Please ensure Javascript is enabled for purposes of website accessibility
Home / News Stories / QDRO Limits Wife's 'Survivor Benefits'

QDRO Limits Wife's 'Survivor Benefits'

Where a qualified domestic relations order awards survivor benefits under a husband’s pension to his ex-wife, the benefits vest only if the husband dies after he has retired, the Court of Appeals of Virginia has ruled.

The QDRO at issue was modeled after the parties’ divorce decree, which provided that the wife would receive her share of the husband’s pension “as such is received by” the husband. On appeal, the wife contended that the trial judge who crafted the QDRO “impermissibly limited” the award of survivor benefits until after the husband had retired.

The case, says the attorney who represented the husband, is significant because the court has now answered the question of exactly when a former spouse can receive survivor benefits.

“It has given us a definition of survivor benefits and when they can be awarded,” said Joyce M. Henry-Schargorodski of Fairfax. “We’ve now defined survivor benefits as post-retirement survivor benefits.”

The case is Bradley v. Bradley (VLW 002-7-530).
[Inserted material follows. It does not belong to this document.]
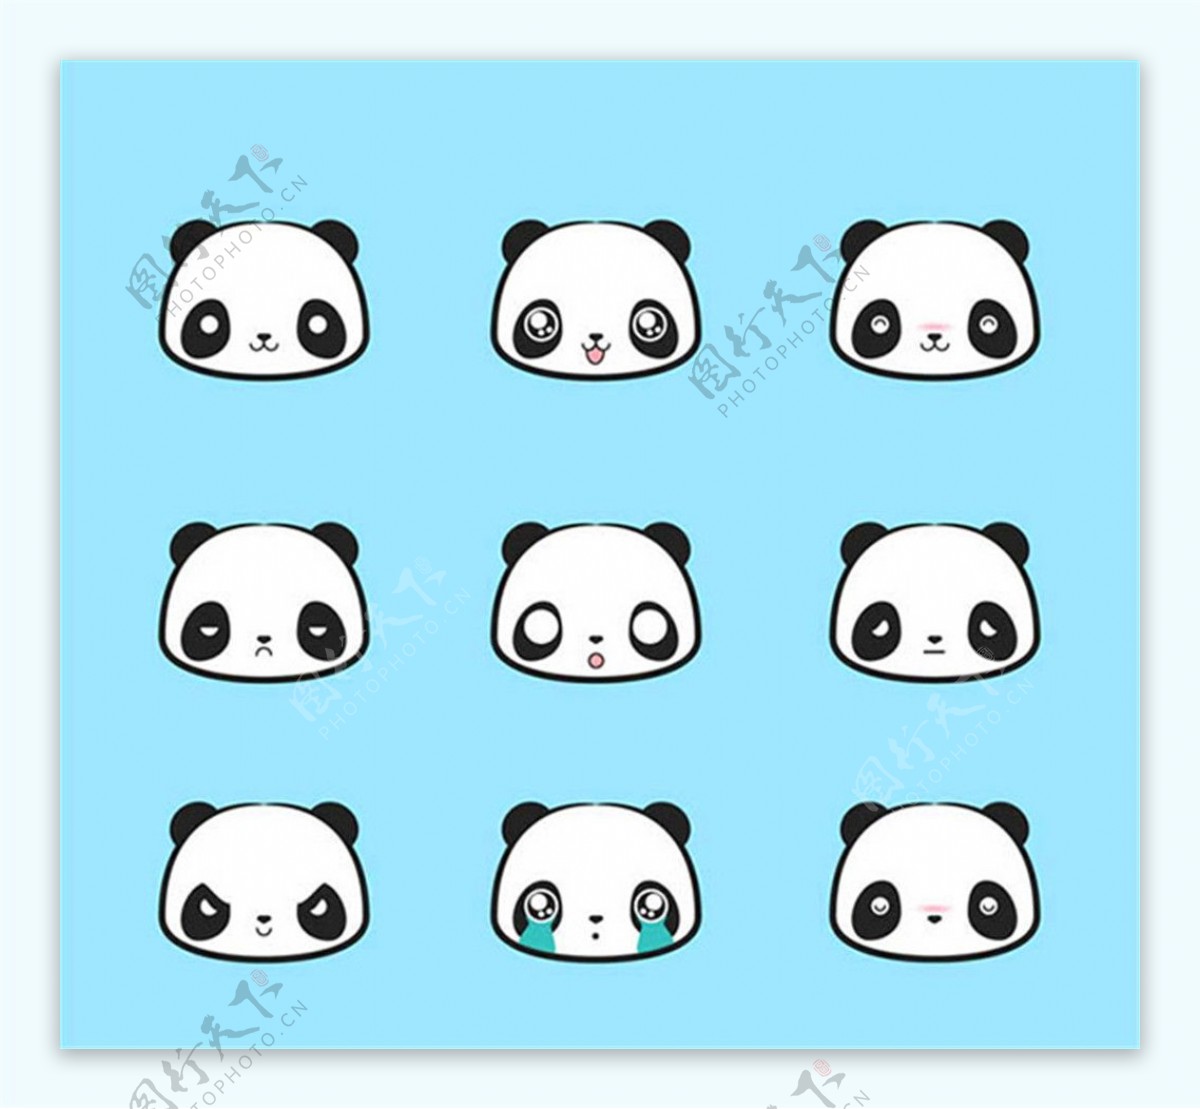 可爱熊猫头像矢量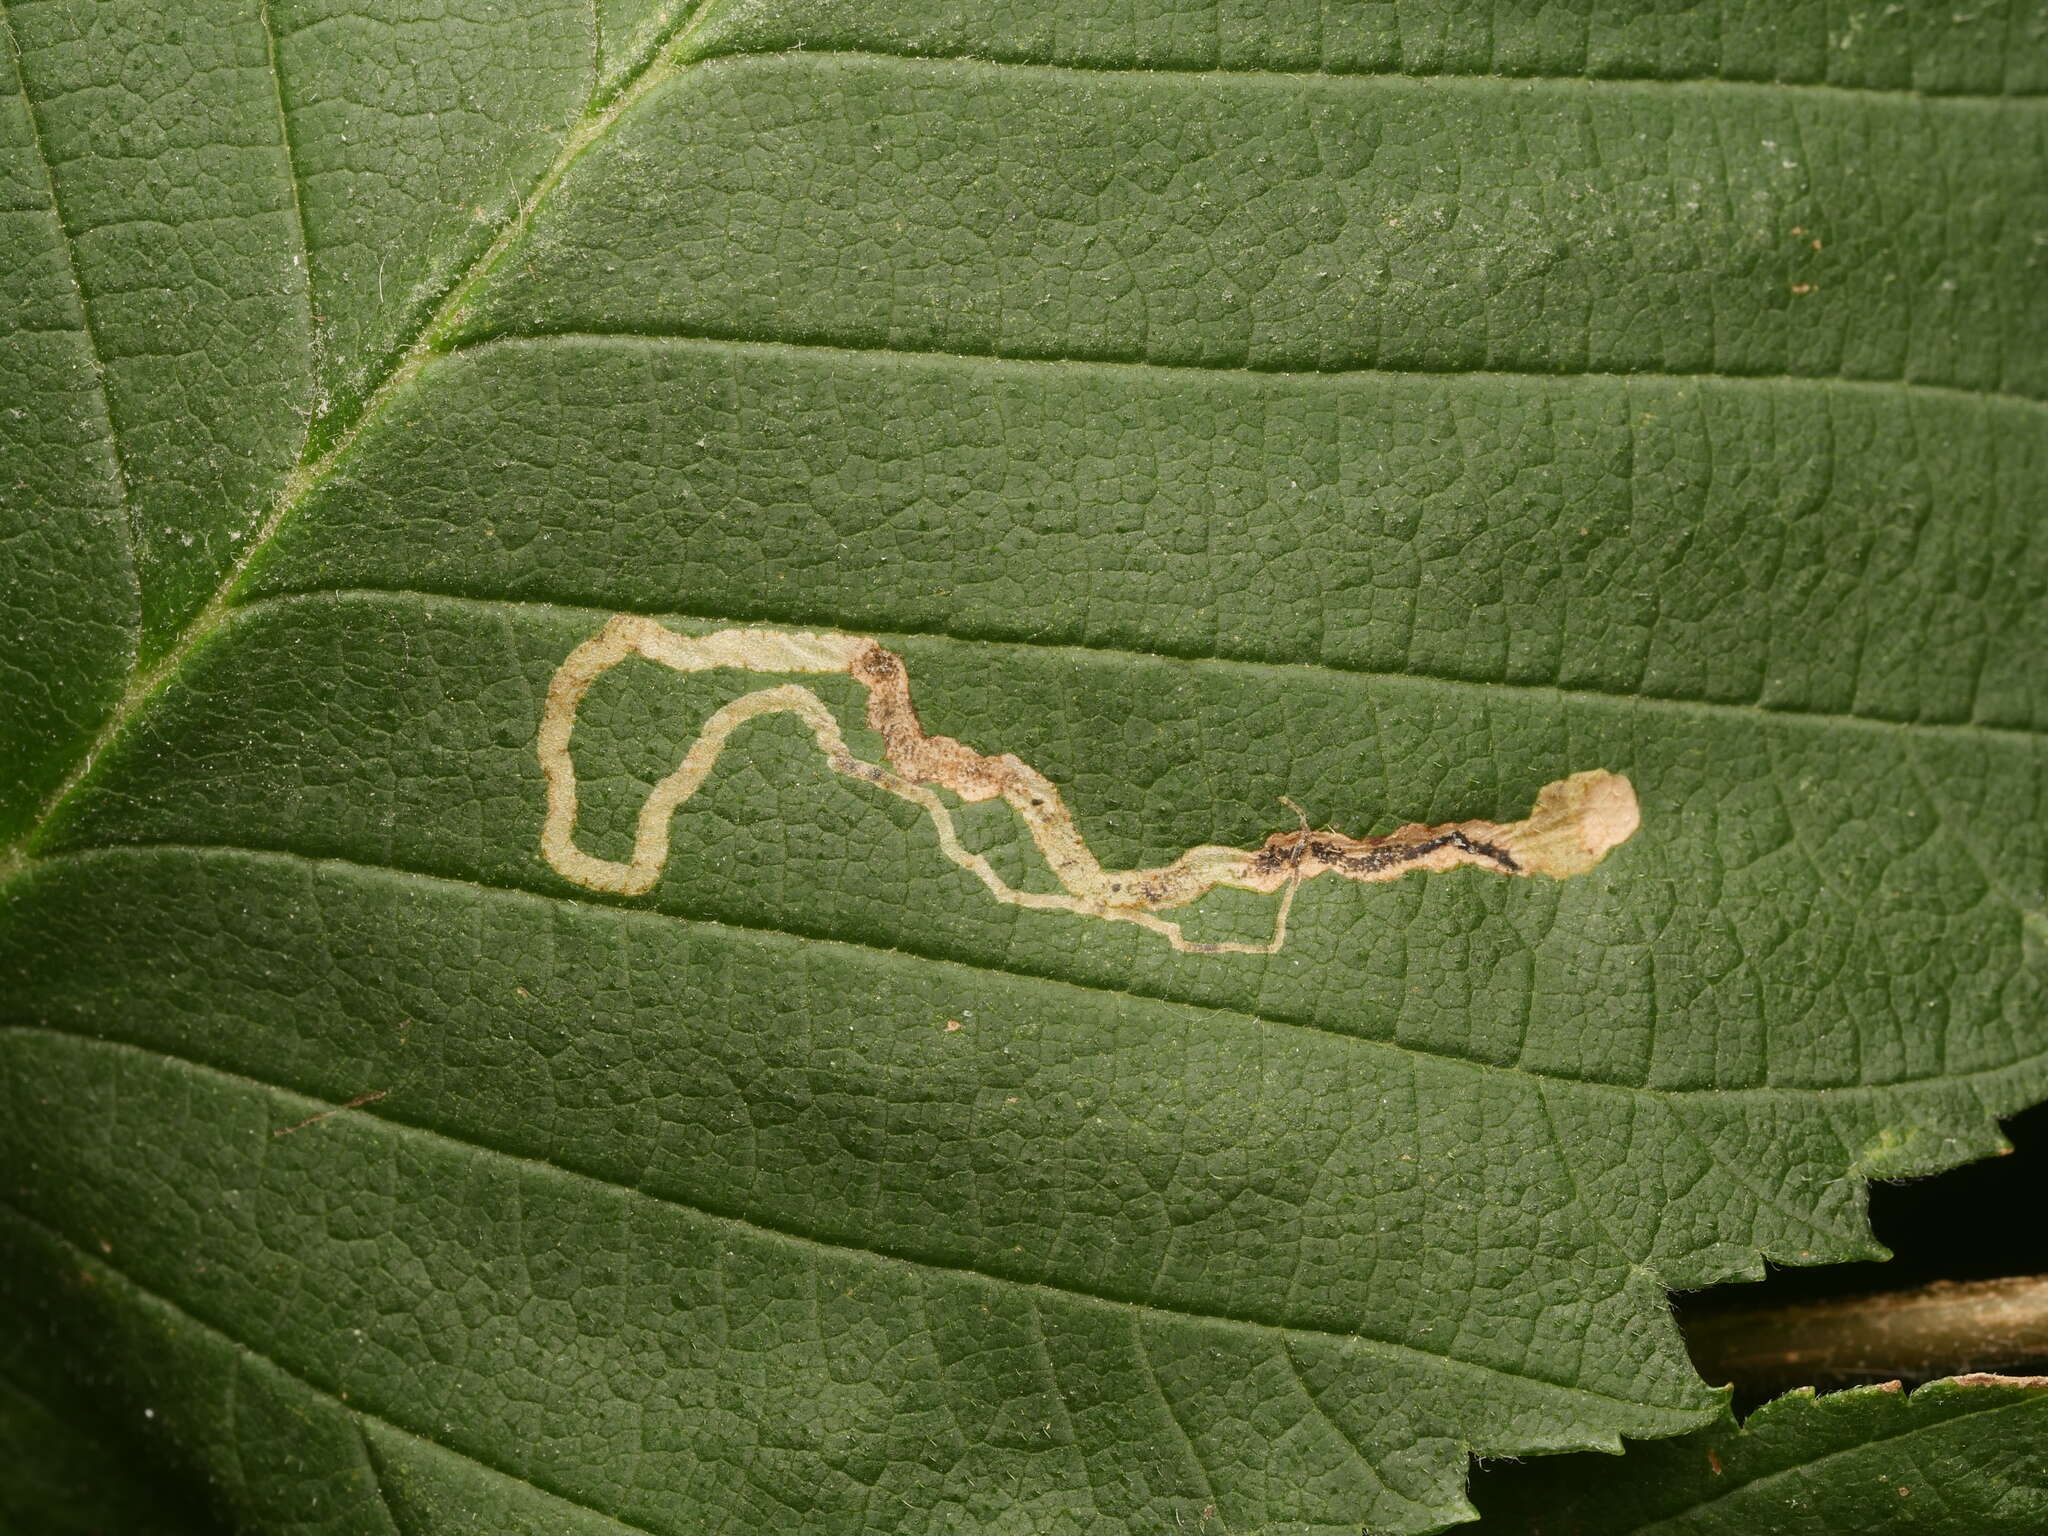 Image of Stigmella lemniscella (Zeller 1839) van Nieukerken 1986

Senior Judge Nelson T. Overton wrote the six-page opinion for the court.

Game of survivor

The divorce decree for the husband and wife was entered on Jan. 7, 2000. Under the decree, 35 percent of the husband’s pension in the Oil, Chemical & Atomic International Union, known as the “OCAW pension,” was awarded to the wife. The husband took the remaining 65 percent.

About one year later, the court entered the QDRO. According to Overton, “The QRDO allows wife to receive only post-retirement survivor annuity benefits and does not allow her to receive pre-retirement benefits.” In addition, said Overton, the wife conceded that she didn’t bring up the issue of pre-retirement benefits at trial because she didn’t know such benefits were an option.

In her appeal, Overton said that the wife relied on the following language in the decree: “Wife shall have the option of receiving the OCAW defined benefit survivor benefit.” She said that the plain meaning of the language entitled her to pre-retirement benefits and, furthermore, that limiting the scope of the survivor benefits was not permissible.

The final decree said: “[W]ife shall receive 35 percent of the marital share of the husband’s OCAW gross defined benefit pension plan as such is received by the Defendant.”

Said Overton, “If wife were entitled to receive pre-retirement survivor benefits, she would receive that benefit before husband.”

What’s more, said Overton, Virginia Code Sect. 20-107.3(G)(1) “allows for payment to alternate payees only as such ‘benefits are payable’ and ‘actually received’ by the participant.”

“My sense of survivor benefits is what we understand survivor benefits to be — when the husband gets his pension and he dies in pay status, the wife gets the benefits,” Henry-Schargorodski said. “Essentially, she doesn’t receive it until he receives it.”

QDRO drafters, said Henry-Schargorodski, are now on notice when it comes to survivor benefits.

“The court has placed a limitation on it,” she said. “The limitation is when you say survivor benefits, you mean post-retirement survivor benefits.”

“I think that’s an overbroad interpretation,” said Catherine S. Croft of Manassas, the wife’s attorney. “I don’t think this case brought down a bright-line rule.”

Henry-Schargorodski cited other facts that supported her case on appeal.

“[The wife] admitted that she didn’t even know there was such a thing as pre-retirement survivor benefits,” she said. “The judge indicated that he didn’t contemplate pre-retirement survivor benefits in his ruling.”

“He didn’t say that at trial,” Croft said, “but he did say that at the QDRO hearing.”

In Croft’s view, the special circumstances of the case reduce the significance of Overton’s ruling.

“I think it’s limited to the facts of the case,” Croft said.

Not surprisingly, Henry-Schargorodski disagreed, contending that the court cleared up an important issue in the area of survivor benefits.

“I think it’s an important definition,” she said. “It’s an important thing for family-law attorneys who are drafting qualified domestic relations orders to understand.”